Hi AnxiousSeal95 ! Thank you for the parallel download feature you have added. We have tested it with ClearML 1.5.0 and it seems that it is not really helpful. For a big dataset the time it takes to download does not really changes with the new feature. We indeed can download several chunks in parallel, but it turns out that while N workers are downloading N chunks, downloading speed for each worker is N times less than for a consequent download. Since that most of the chunks have the same size, the download processes finish at the same time and parallel zip extraction process runs, again about N times slower than for a single worker mode. Such an approach does not seem to be the most efficient one. We discussed it with DepressedFish57 and we suggest you do it in another way. We propose to modify the approach as follows: 1) we download first chunk; 2) downloading of the second chunk starts at the same time when extraction of the first chunk begins.
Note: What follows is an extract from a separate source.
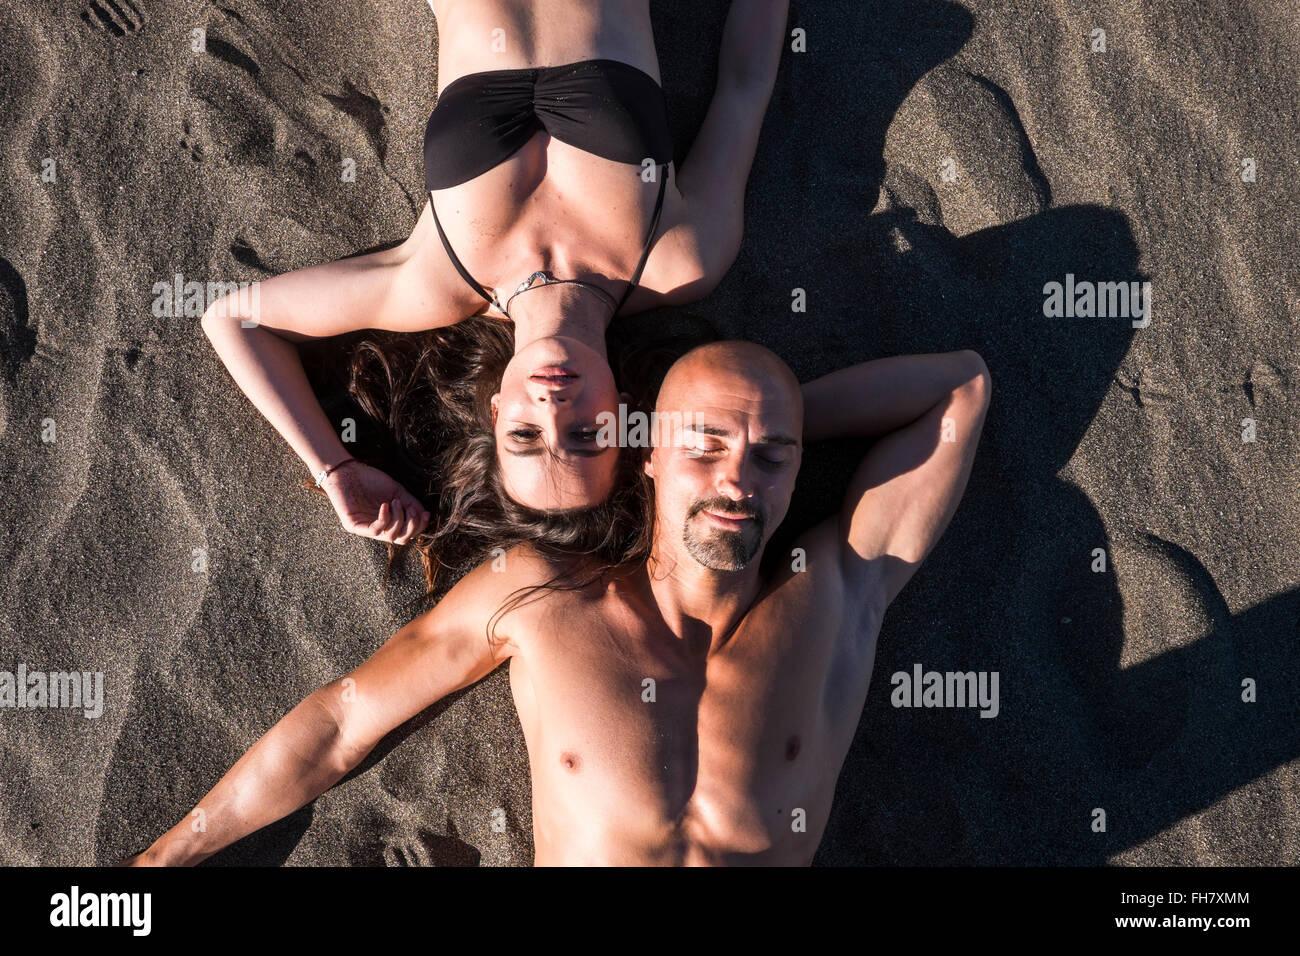 Spain, Tenerife, portrait of couple sunbathing on the beach - Stock Image

It will allow to download each chunk at the maximum possible speed and perform the CPU-dependent extraction processes in parallel, which will indeed enable to download out data faster.
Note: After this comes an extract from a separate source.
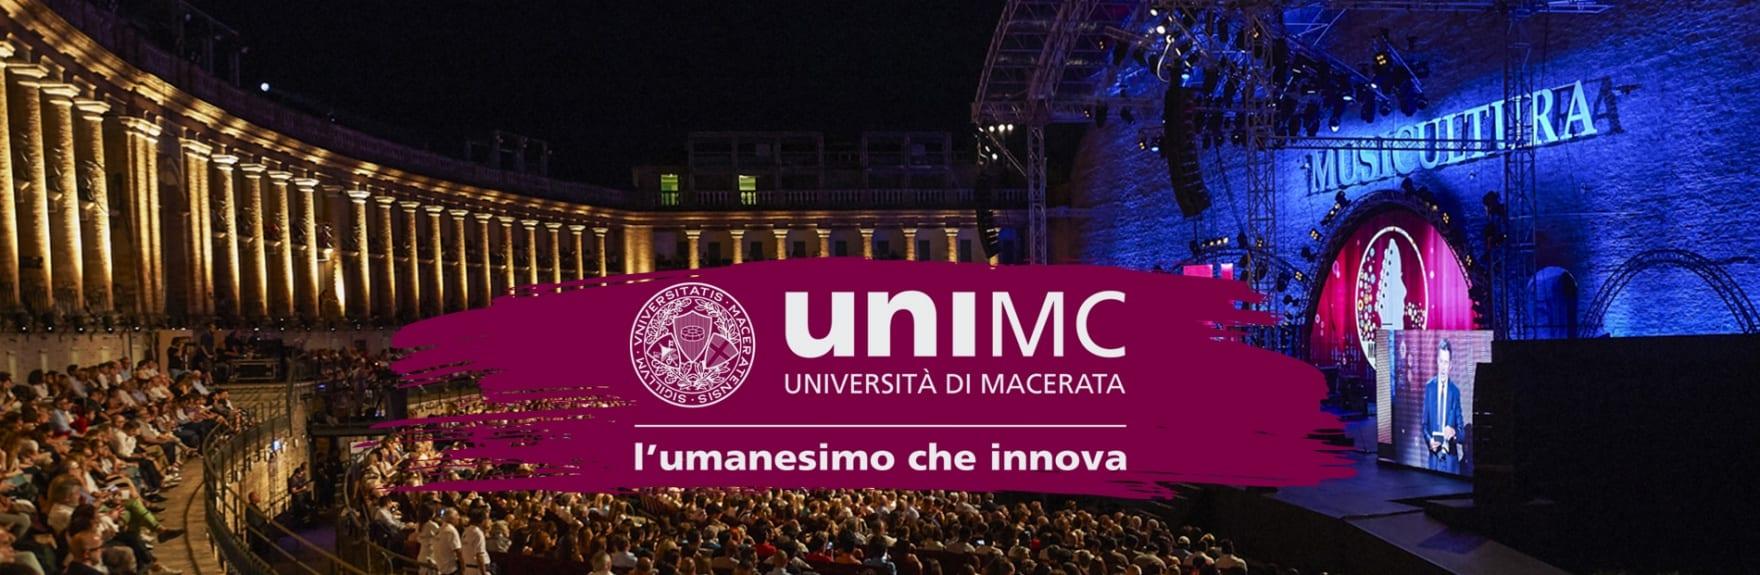 Musicultura_universita_2019-1760x575

ExcitedSeaurchin87 I took a quick look, dude this is awesome!!! Thank you 🤩
Hi DepressedFish57 clearml v1.5.0 (pip install clearml==1.5.0) is out with a fix for this issue 🙂
Let us know if it works as expected 😄
Hi DepressedFish57 AgitatedDove14 AnxiousSeal95 ! It's me again. I created a https://github.com/allegroai/clearml/pull/713 where I slightly changed the dataset loading code, ran some tests to estimate dataset loading times using the current and proposed approaches and tried to explain in detail the problem I see.
Hi DepressedFish57
In my case download each part takes ~5 second, and unzip ~15.
We run into that, and the new version will employ multithreading approach for the unzip (meaning the unzipping will happen in the background)
Could you please point me to the piece of ClearML code related to the downloading process?
Dataset for storing splits to many parts, each around 500Mb. And when you called get_local_copy
it starts consistently download and unpack each part.
In my case download each part takes ~5 second, and unzip ~15.
Yes AgitatedDove14 , I mean multithreading. I did not quite understand your question about single Dataset version. Could you clarify the question for me, please?
At least from the logs I see in my terminal I assume that right now downloading works as on the scheme 2. This one:
. Could you clarify the question for me, please?
...
Could you please point me to the piece of ClearML code related to the downloading process?
I think I mean this part:
https://github.com/allegroai/clearml/blob/e3547cd89770c6d73f92d9a05696018957c3fd62/clearml/datasets/dataset.py#L2134
Here is the schemes of discussed variants (1. download process before ClearML 1.5.0; 2. current version; 3. proposed method). I hope they will be helpful.
Hi DepressedFish57 , as Martin said either the next version or the next-next version will have this feature 😄 We'll update here when it's out 🙂
ExcitedSeaurchin87 can I assume in parallel means threads ?
Also, is this a single Dataset version download? at least in theory option (3) is the new default in the latest clearml version. wdyt?
Or, we can download chunks in parallel, like we do it right now, but we have to prioritize the download of the earlier chunks to make extraction and downloading run in parallel.